The EU`s problems with Russia stem not just from a divergence of interests, but also of political values, at least as far as the ruling elite is concerned. Putin`s authoritarian model of government is now posed as a serious long-term alternative to European style multi-party democracy. Indeed, Russia has often seemed to be at the forefront of efforts to roll back the tide of democratic change in the post-Soviet space and beyond. Within the UN security council, the Russian government has acted in concert with China to give impunity to regimes such as Zimbabwe and Sudan.
There will always be those prepared to ignore difficult issues for an easy life, but they will not be the only voices in this debate. While much of the focus has been on the views of member states, few have so far taken account of the fact that the European parliament also has to give its assent before a new EU-Russia agreement can be sealed. This should not be taken for granted. The parliament has its own views that will have to be addressed as part of this process.
The most important of these are democracy and human rights, where a serious retreat from European standards has become evident in Russia in recent years. The current EU-Russia agreement contains unambiguous commitments to support multi-party democracy, human rights and the rule of law. But instead of the progress we were promised, we have seen a very serious erosion of freedoms across the board.
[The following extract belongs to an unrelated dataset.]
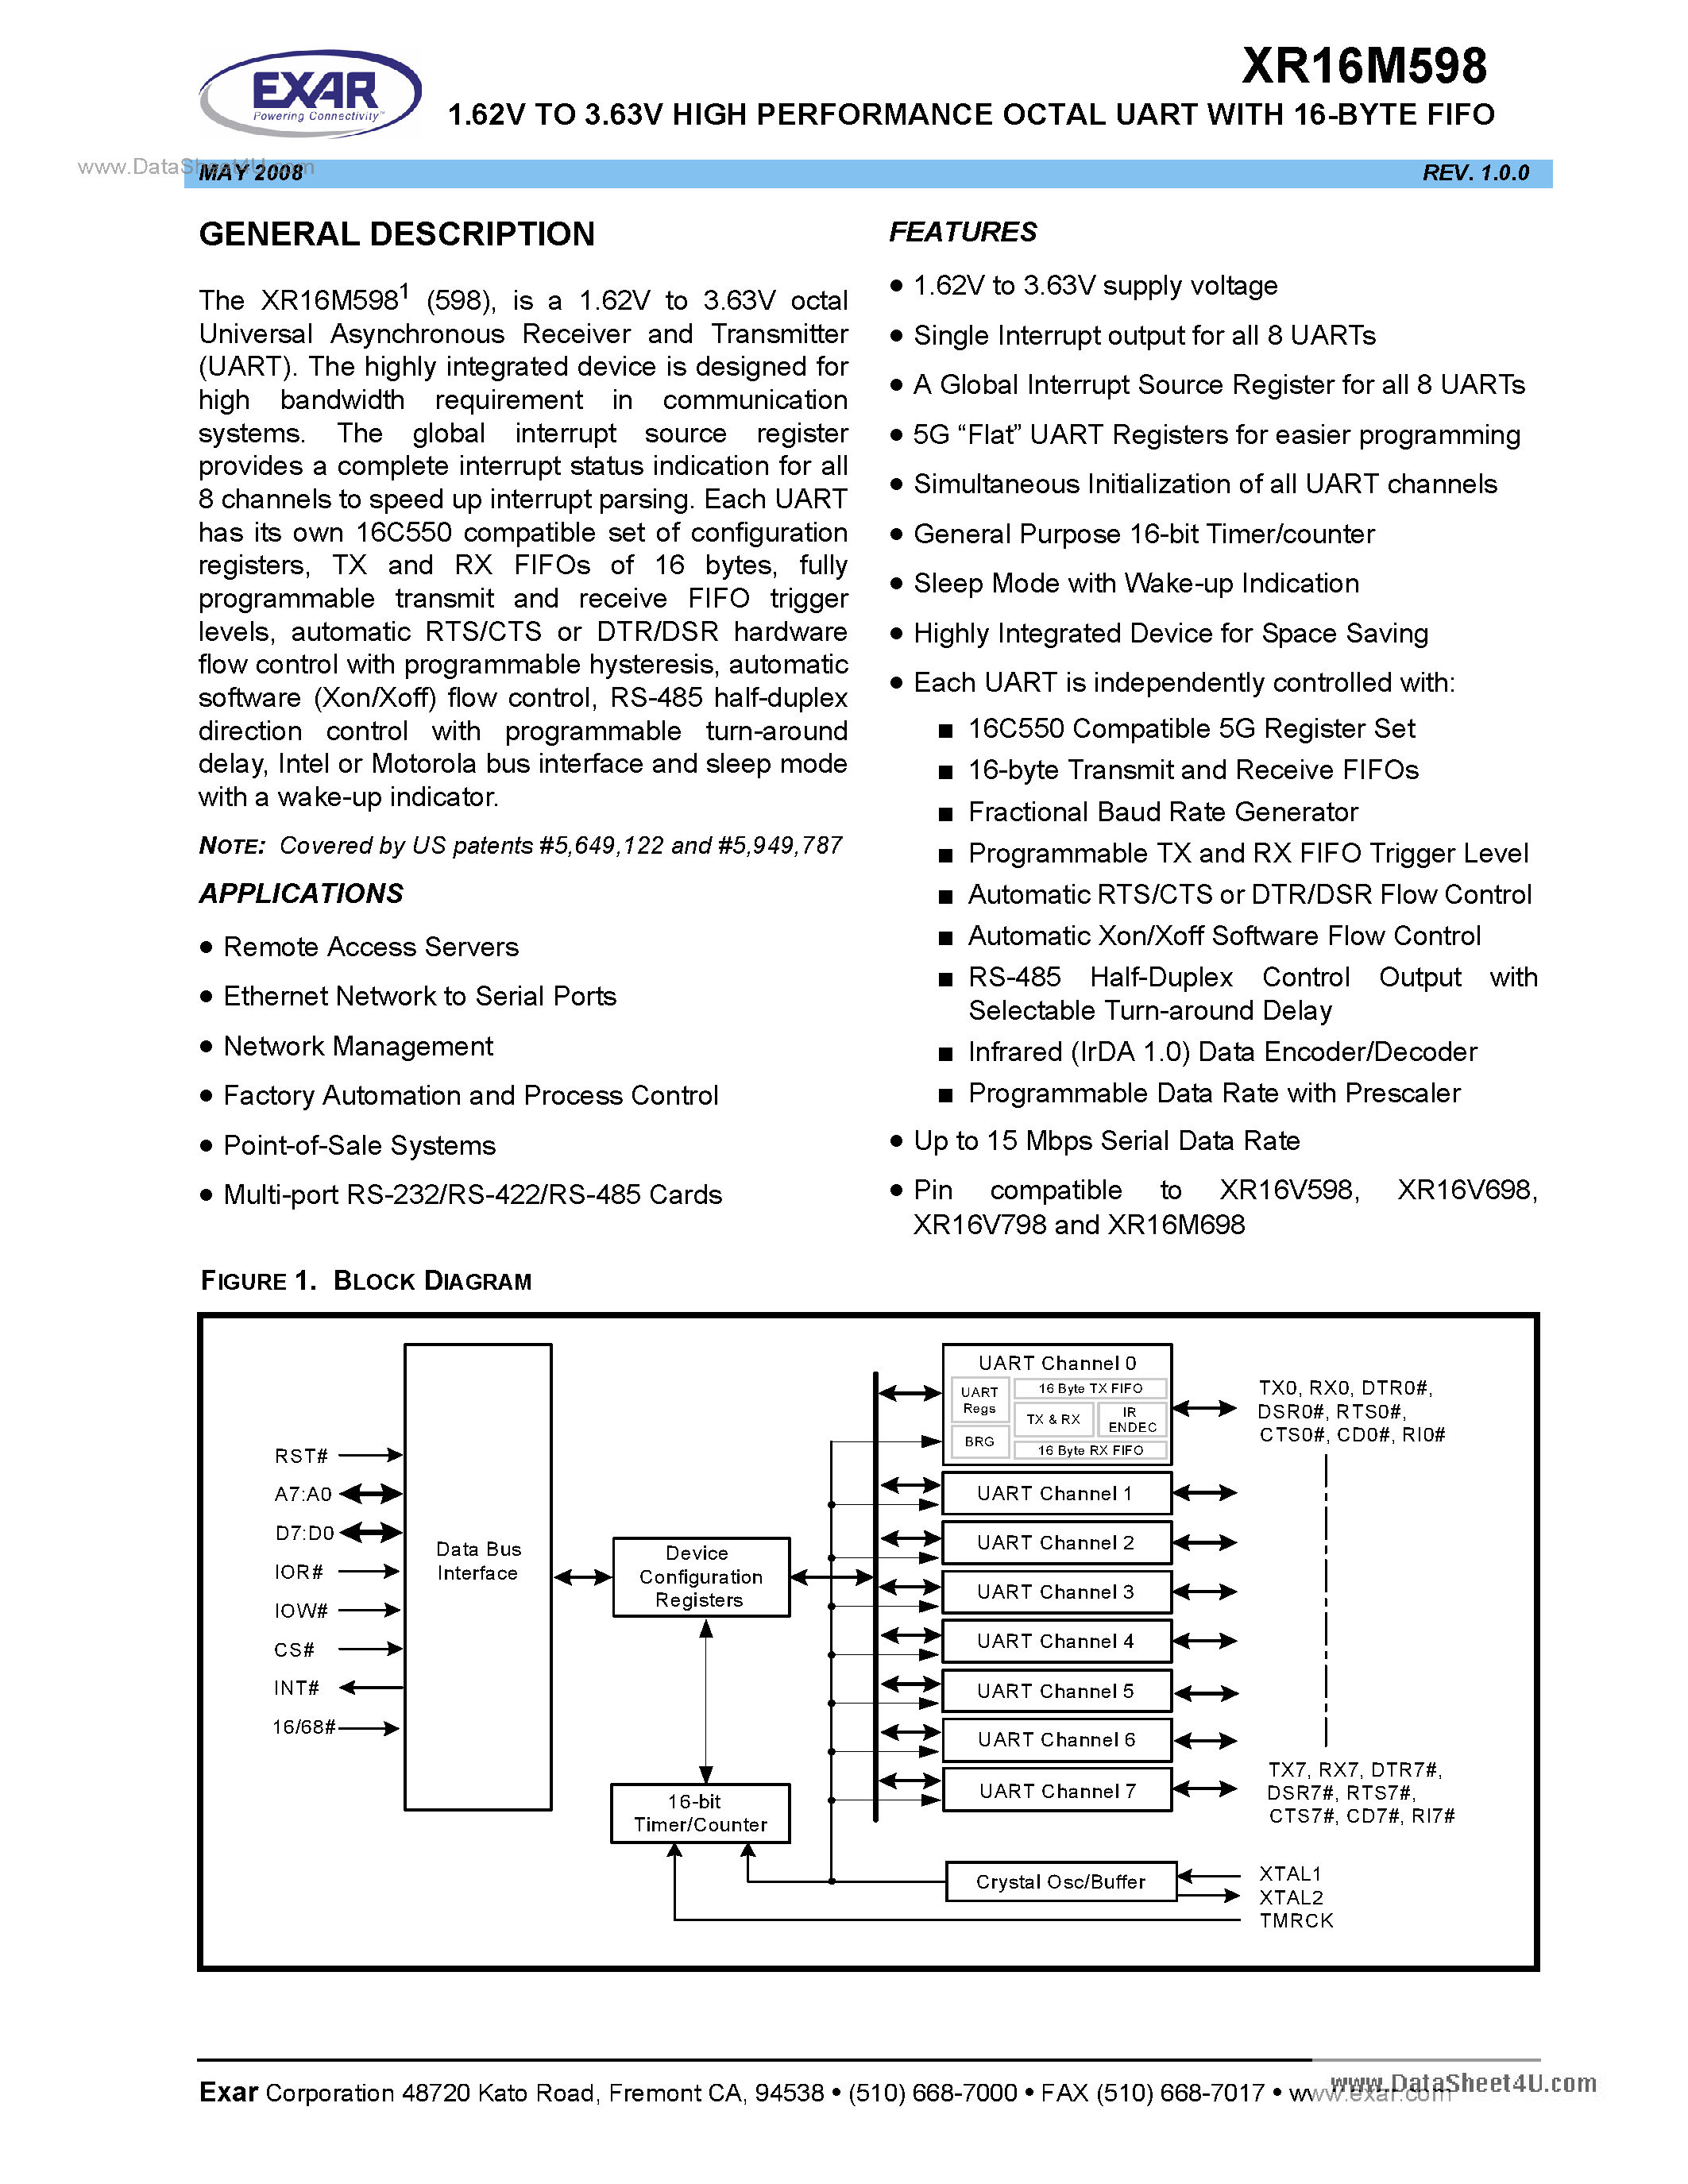 Datasheet XR16M598 - 1.62V To 3.63V High Performance Octal UART page 1

A priority must be improvements in the substance and procedures of EU-Russia human rights consultations, with independent NGOs from Russia and the EU given a formal role. We need to give Russian NGOs a voice they are increasingly denied at home.
A second area of concern relates to energy and Russia`s increasingly important role as an energy supplier. Instead of becoming an area of cooperation, it has become one of tension, with many EU countries concerned at Russia`s apparent desire to use monopolistic advantage to secure political leverage over the countries around it. The framework for EU-Russia energy relations must be the energy charter treaty, which Russia and all EU member states have signed and are legally bound by. This provides essential guarantees on market access, security of supply, transit, transparency and investor protection that Russia is clearly not respecting.
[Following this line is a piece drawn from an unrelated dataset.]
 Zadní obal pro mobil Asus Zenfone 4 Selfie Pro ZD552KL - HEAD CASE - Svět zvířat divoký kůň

It is hoped that the new agreement will make progress towards an EU-Russia free trade area. If this is framed and implemented properly, it would certainly yield major benefits for all concerned, but we have to be sure that the conditions are in place to make it a reality. The European parliament has been particularly critical of new rules, signed into law by Vladimir Putin in the last days of his presidency, designed to restrict foreign ownership in 42 strategic areas of the Russian economy. Of course we should open the European single market to third countries, but only if this is done on a reciprocal basis.
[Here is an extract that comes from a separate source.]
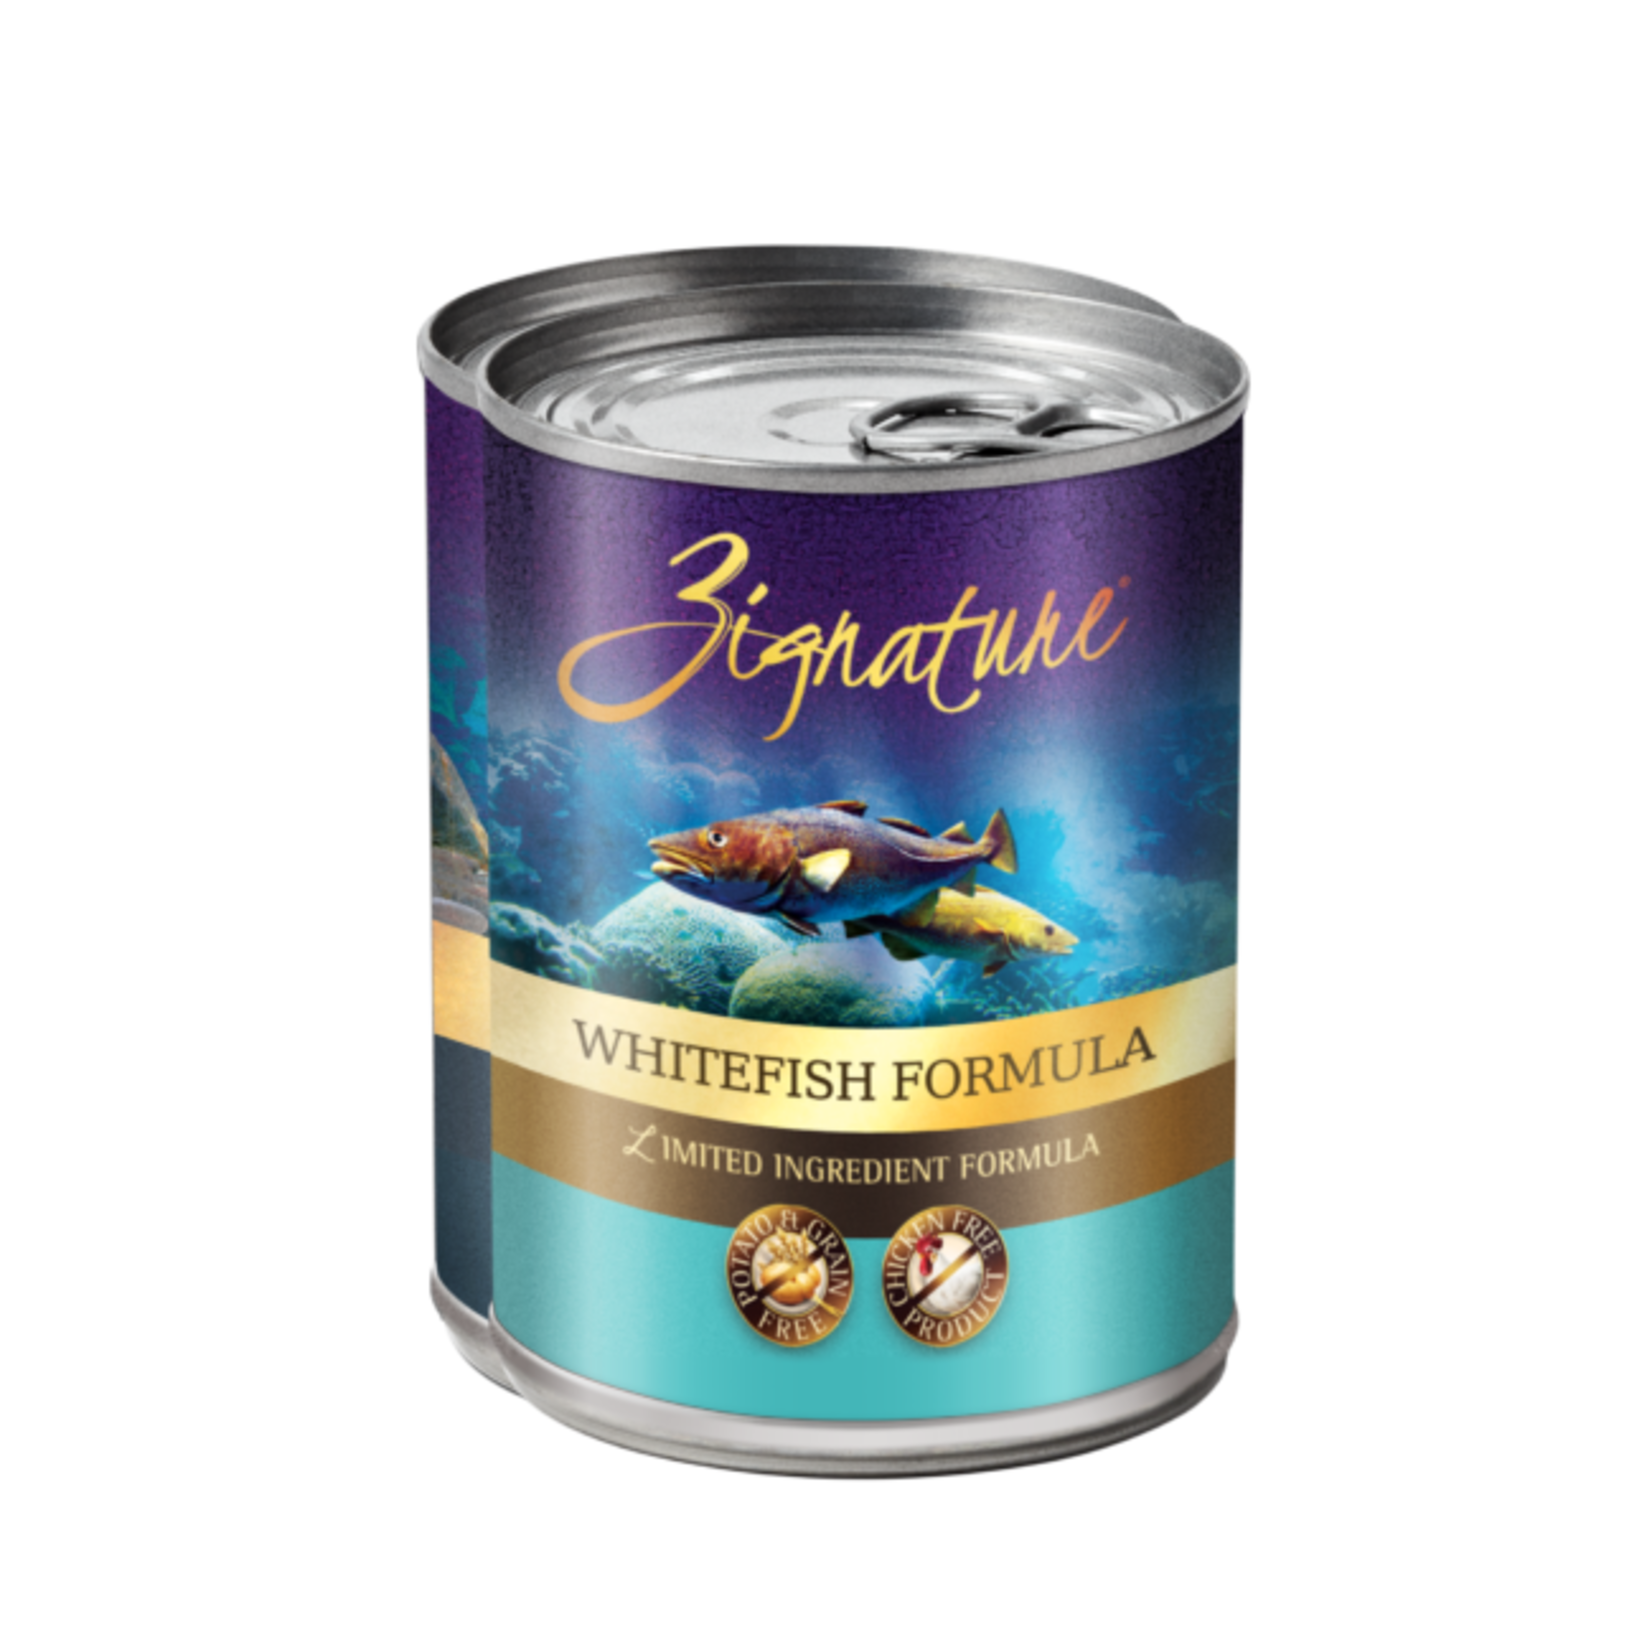 Zignature Zignature Wet Dog Food Whitefish Formula 13oz Can Limited Ingredient Formula Grain Free

One final consideration is the fact that Russia and the EU share a common neighbourhood in eastern Europe, the Caucasus and the Balkans. Both sides should see a joint interest in underwriting the political and economic progress of countries in these regions, but it is not always clear that Russia is willing to play a constructive role. Instead of acting to end frozen conflicts, Russia`s intervention in Georgia has been highly destabilising; energy resources have been used coercively; autocratic rule in Belarus has been encouraged; Serbian rejectionism in relations to Kosovo has been supported; and now Russian leaders seem to be questioning the territorial integrity of Ukraine.
Can we be optimistic about the prospects for agreement against such a backdrop of difficult and contentious issues? It is certainly a good thing that relations between the EU and Russia are once again being conducted on open and friendly terms. Whether this lasts depends ultimately on whether President Medvedev is able and willing to convert fine words into good deeds. The important thing is that EU leaders must not trim their ambitions or neglect their own values in order to secure a quick but empty deal. That approach may create the illusion of harmony, but only at the cost of worse relations in the longer term.